Provided data ::
┄┄┄┄┄┄┄┄┄┄┄┄┄┄┄┄┄┄┄┄

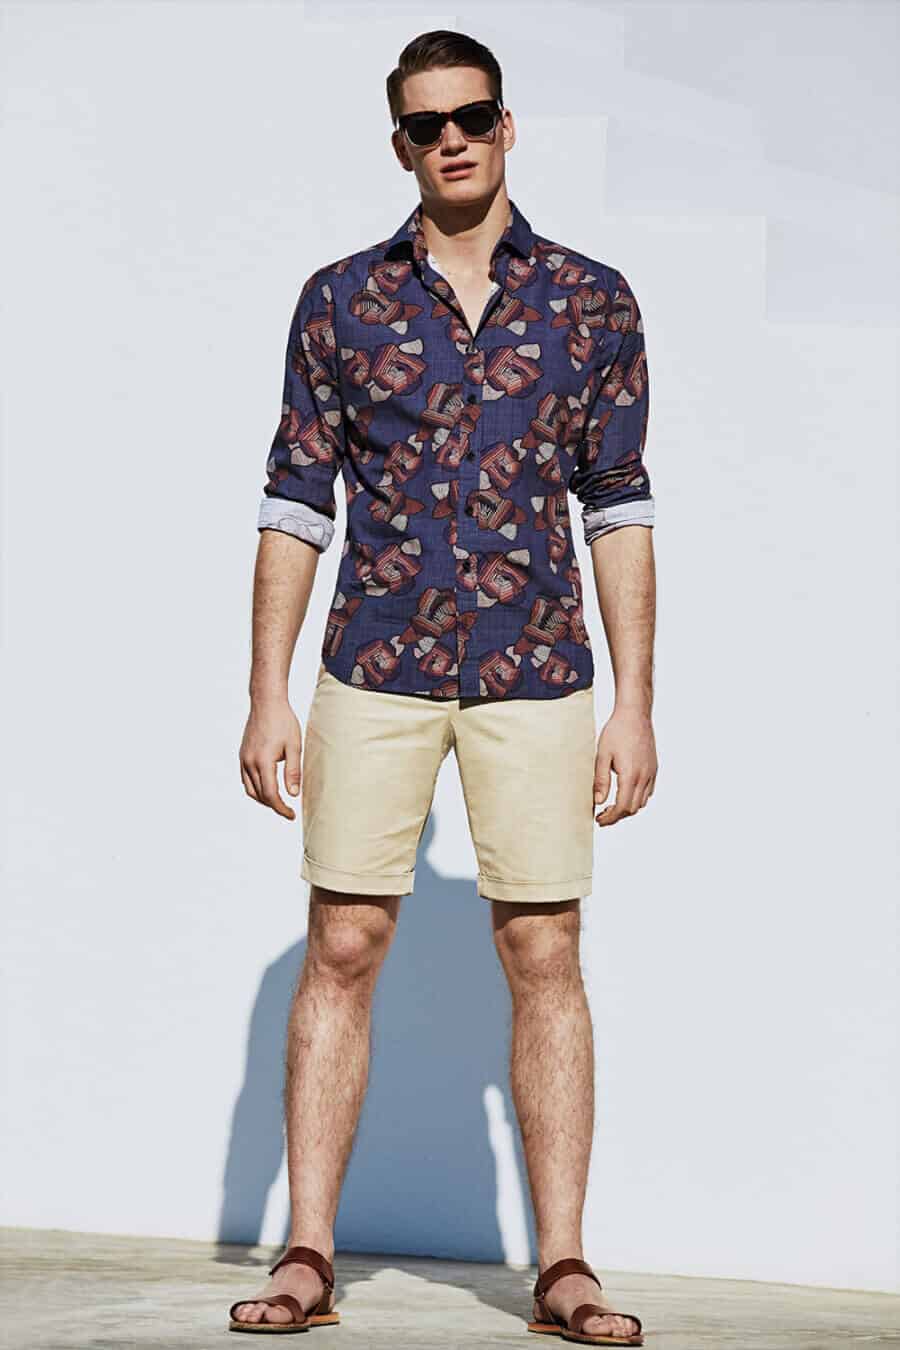 Men's chinos shorts, floral shirt and leather sandals summer outfit
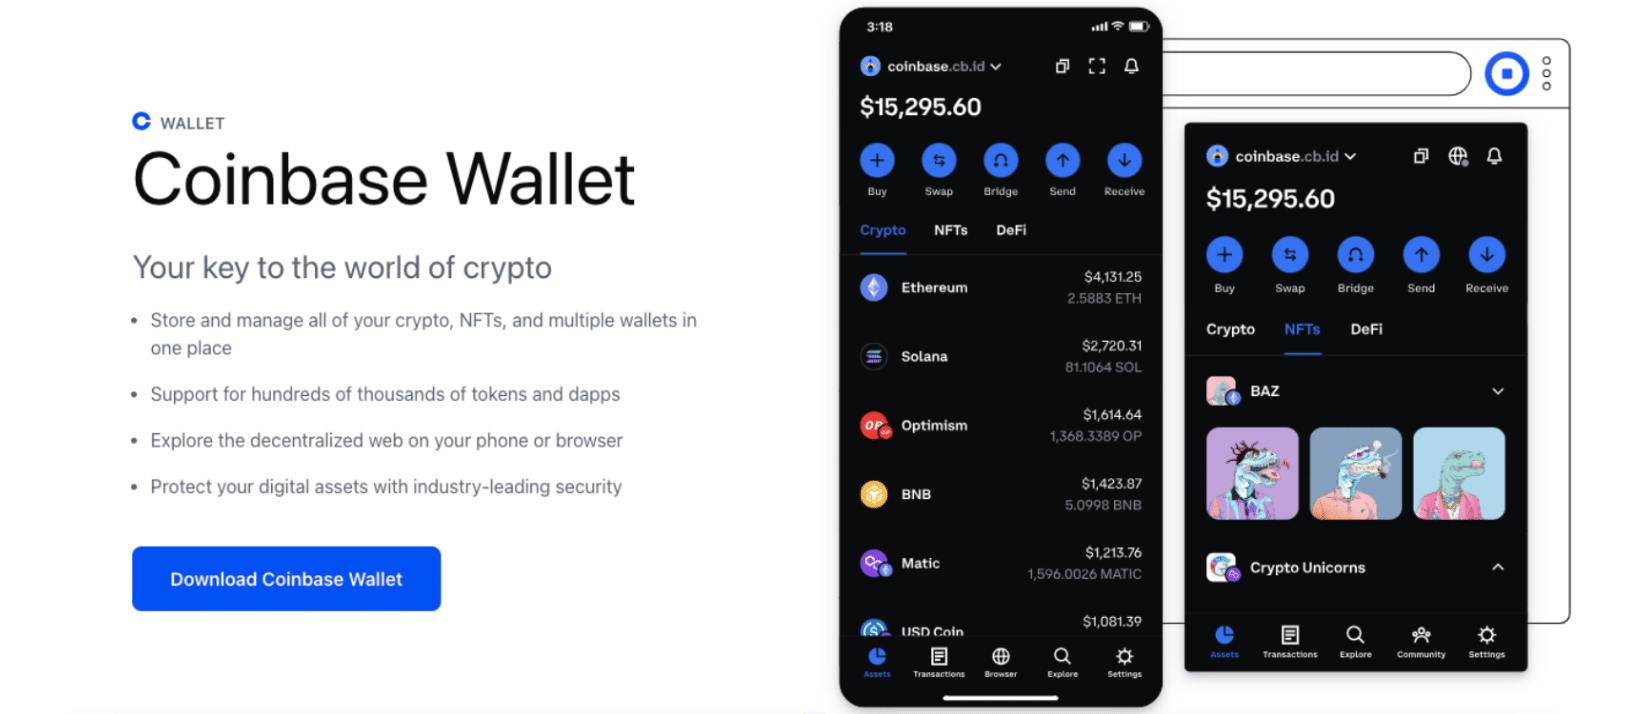 In terms of compatibility, Coinbase wallet supports a wide variety of cryptocurrencies, making it a versatile tool for managing a diverse portfolio.
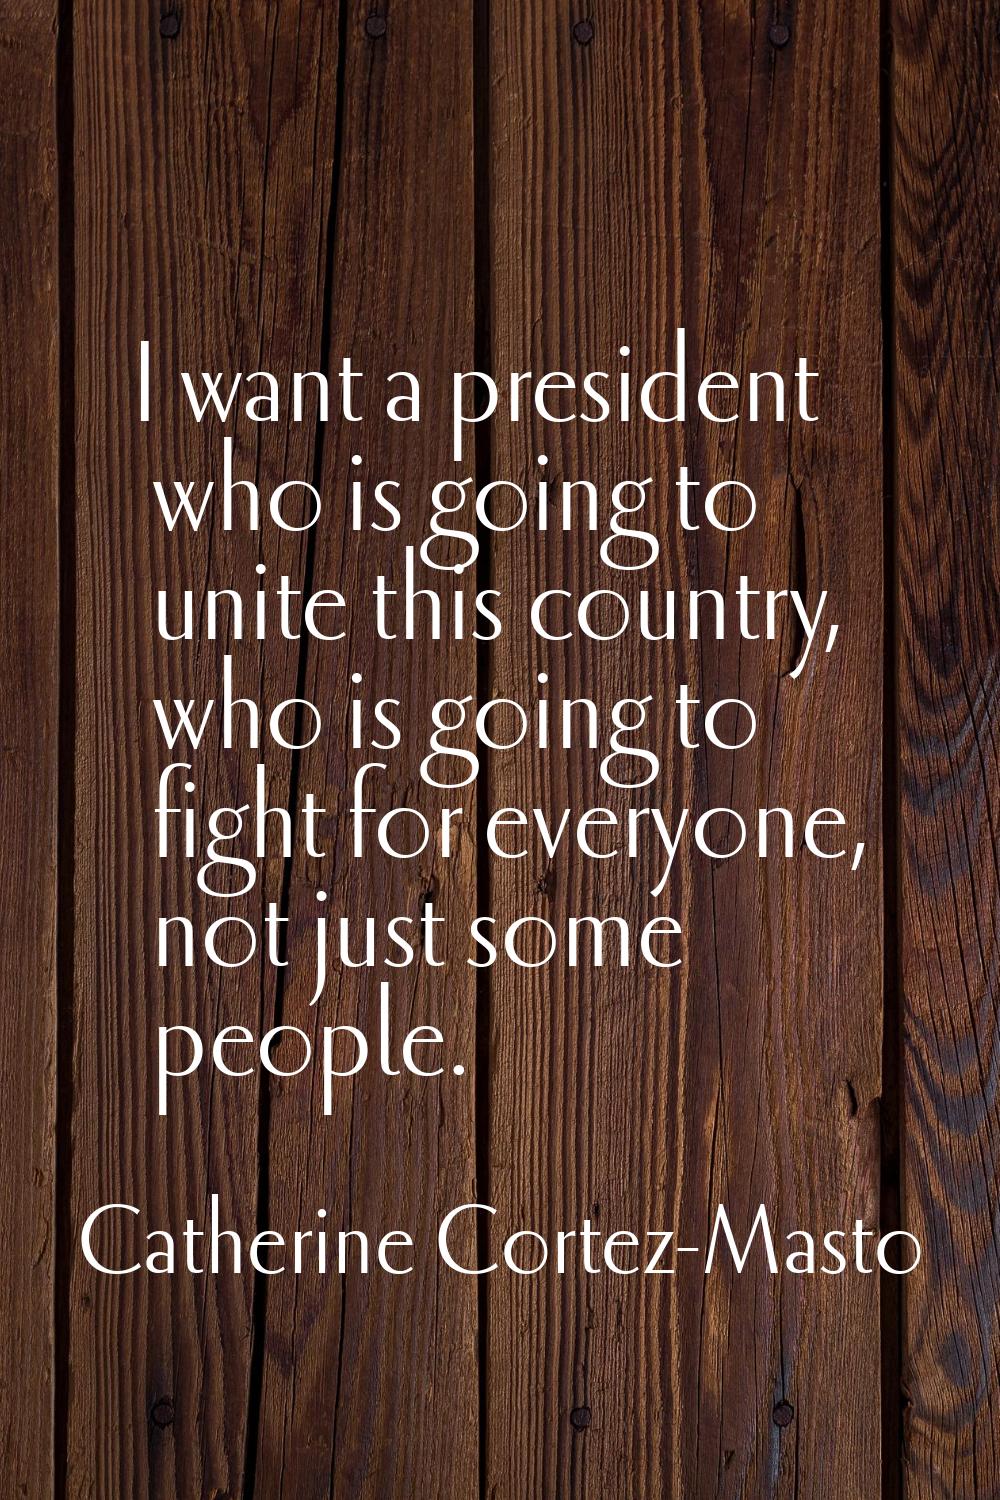 I want a president who is going to unite this country, who is going to fight for everyone, not just
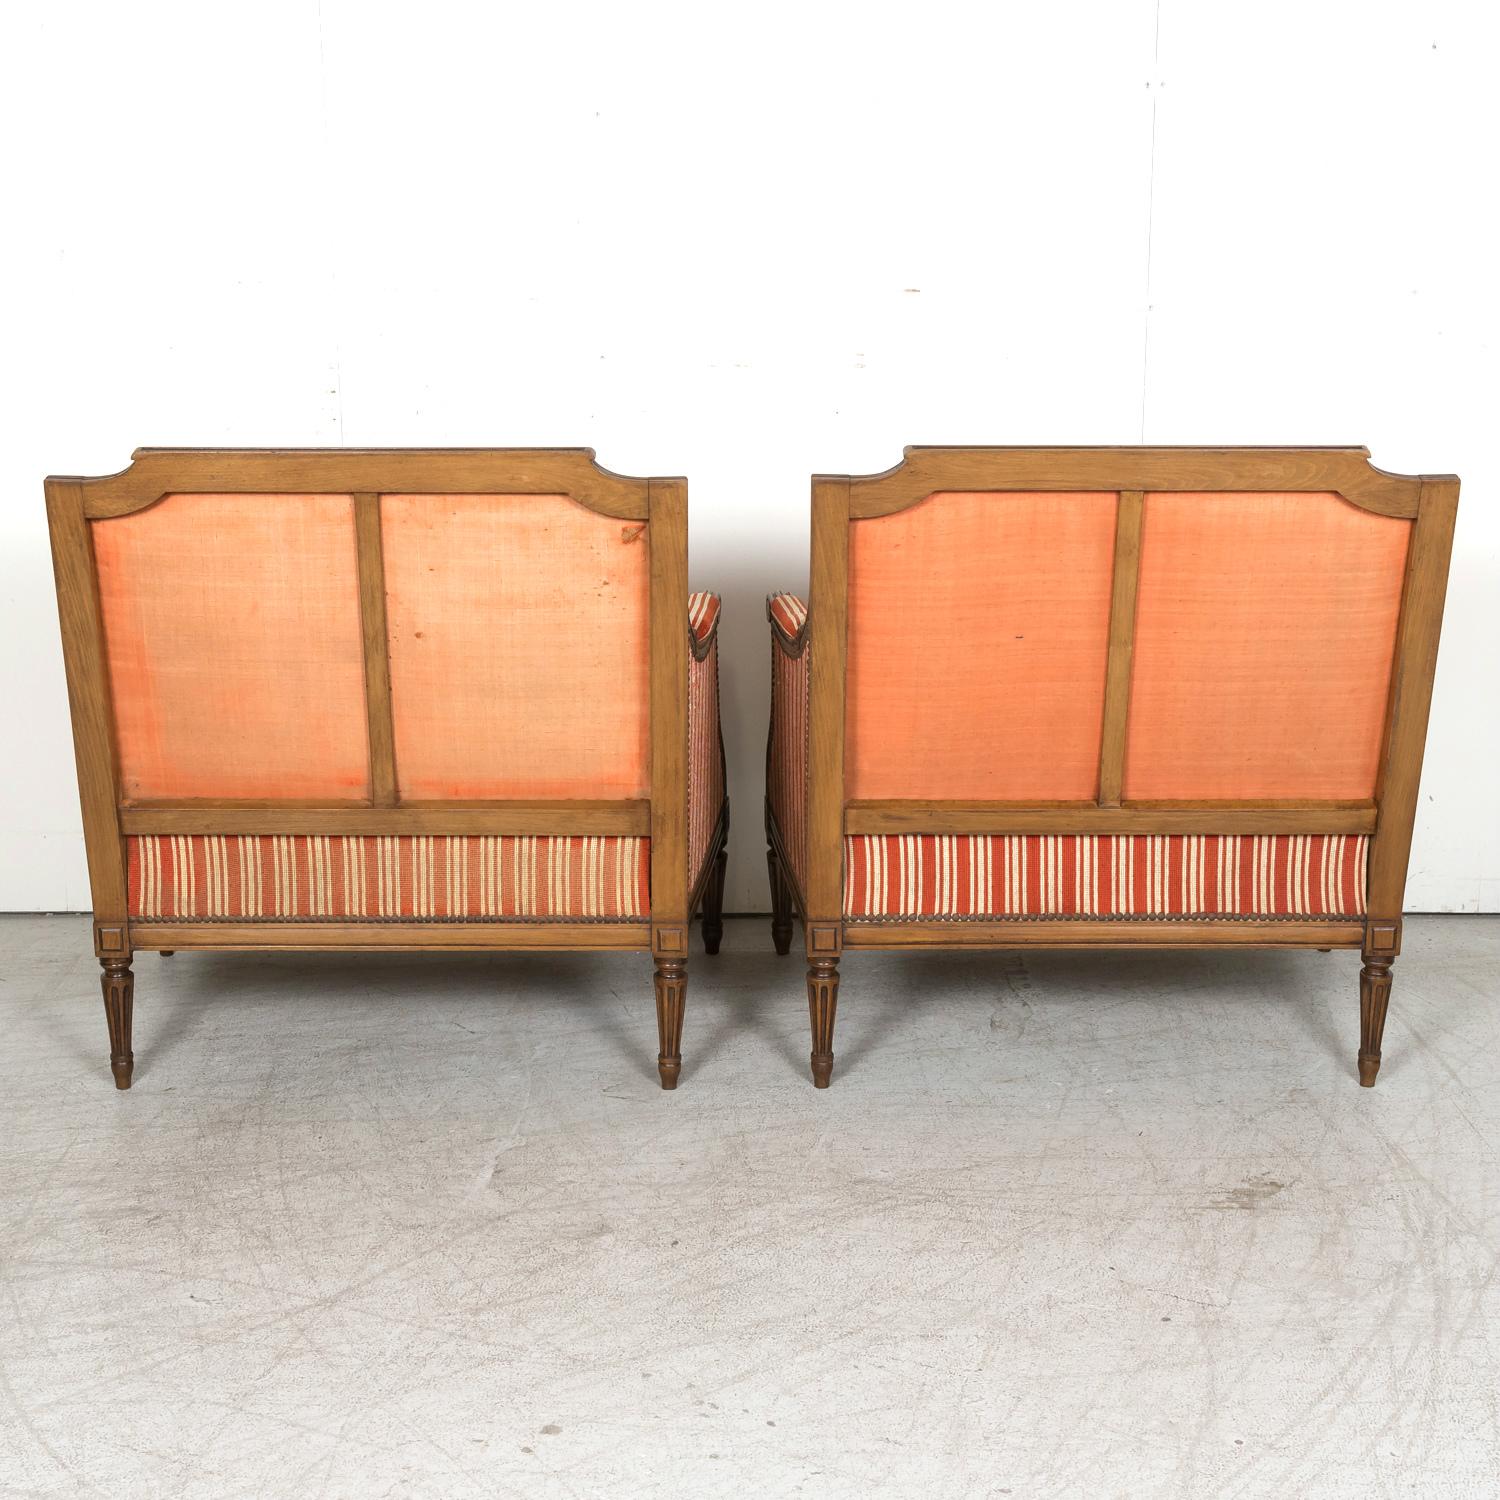 Pair of 19th Century French Louis XVI Style Oversized Bergere Marquise Armchairs For Sale 13

┄┄┄┄┄┄┄┄┄┄┄┄┄┄┄┄┄┄┄┄

Task details ::
Write out again, word for word, only the lines from the one with "I want a president" through the last line of the material, and omit each picture.

Reply to the task ::
 I want a president who is going to unite this country, who is going to fight for everyone, not just
 Pair of 19th Century French Louis XVI Style Oversized Bergere Marquise Armchairs For Sale 13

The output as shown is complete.